Personal information
- Born: 25 May 1985 (age 40)
- Original team: Old Carey / Oakleigh U18 (TAC Cup)
- Debut: Round 14, 3 July 2004, Collingwood vs. Hawthorn, at Melbourne Cricket Ground

Playing career^{1}
- Years: Club / Games (Goals)
- 2004–2006: Collingwood / 26 (8)
- ^{1} Playing statistics correct to the end of 2006.

= Julian Rowe =

Australian rules footballer, born 1985

Julian Rowe (born 25 May 1985) is an Australian rules footballer with the Old Carey Football Club in the Victorian Amateur Football League, formerly with the AFL's Collingwood Football Club.

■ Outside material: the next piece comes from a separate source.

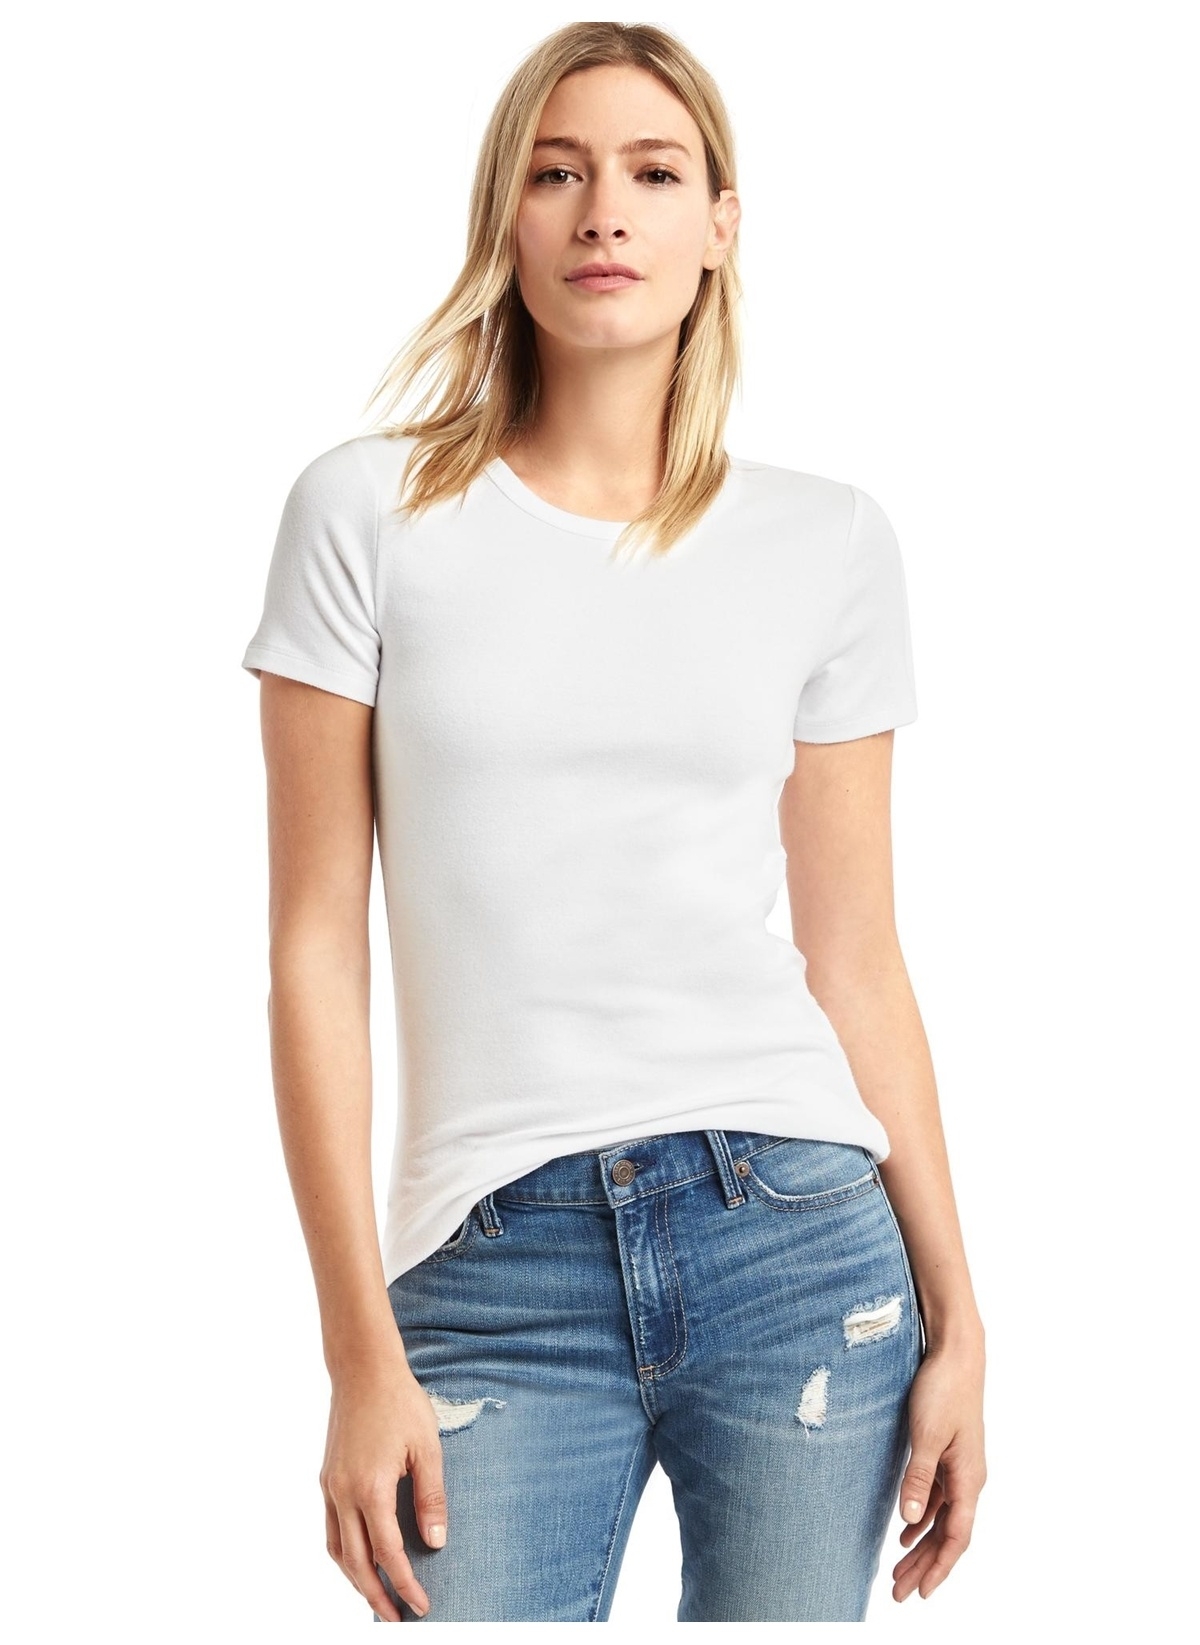 Shirt white girl. Белая футболка. Модель в белой футболке. Футболка женская полубоком. Футболка с открытым горлом.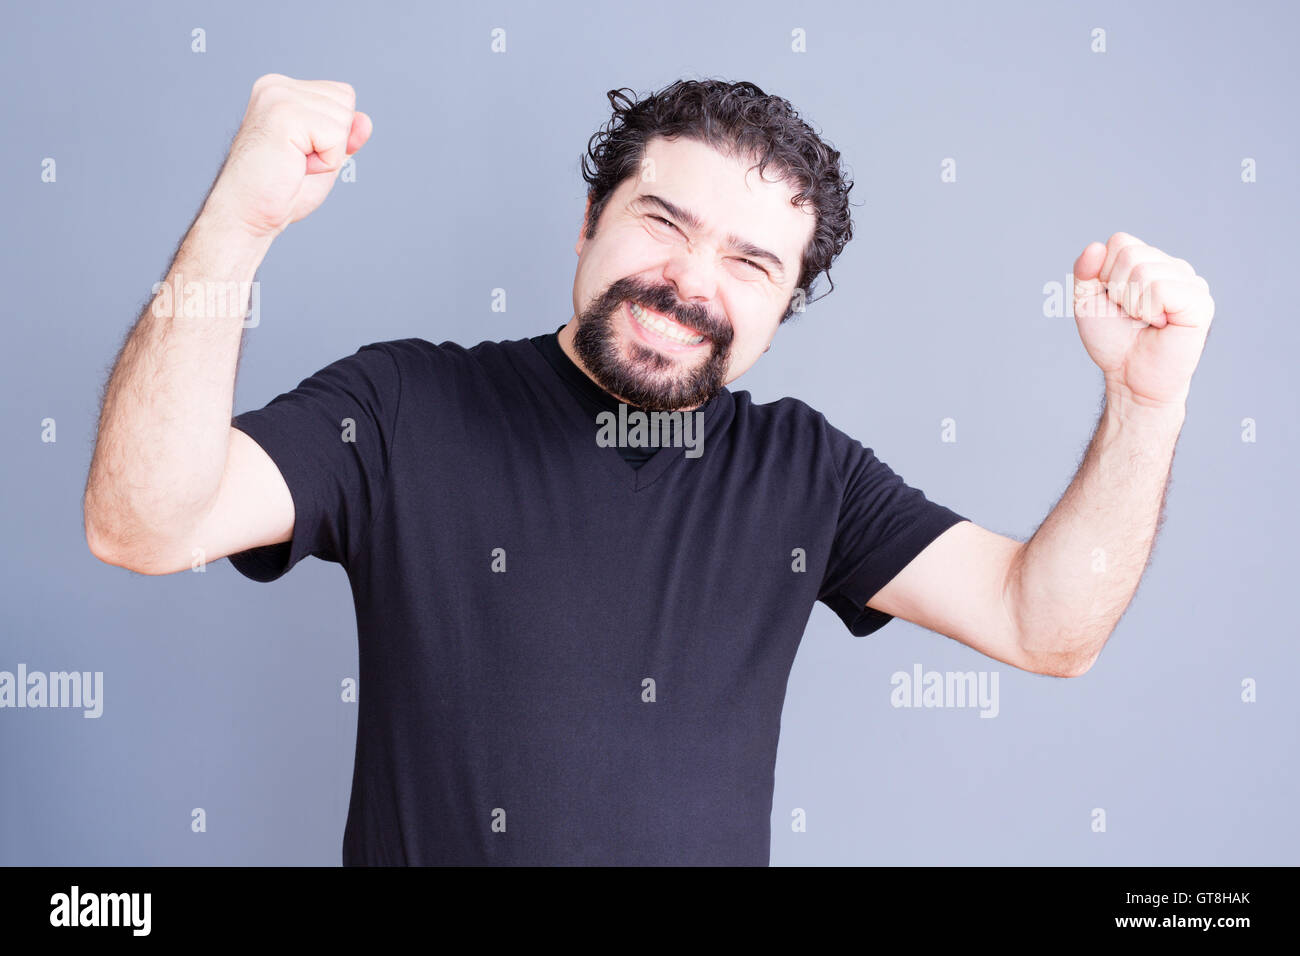 Ein hübscher bärtiger Mann im schwarzen Hemd hochhalten Fäuste mit beschwingt Ausdruck über grauen Hintergrund Stockfoto

Originally from Old Carey, the youngster was considered a 'surprise pick' in the 2003 AFL draft by Collingwood coach Mick Malthouse because Rowe was still available at No. 60 overall. He made his senior debut mid-season and showed potential of becoming a long-term midfielder/half-forward, having a good debut season, playing 8 games. In 2005 he started with a string of games, becoming a regular, before being dropped despite lifting his form. He managed only 2 games in 2006 and was delisted at the end of the season.

Rowe joined Port Melbourne in 2007, along with the other Magpies Brayden Shaw and David Fanning.
He has now gone back to his original club Old Carey which plays in the Premier section of the VAFA.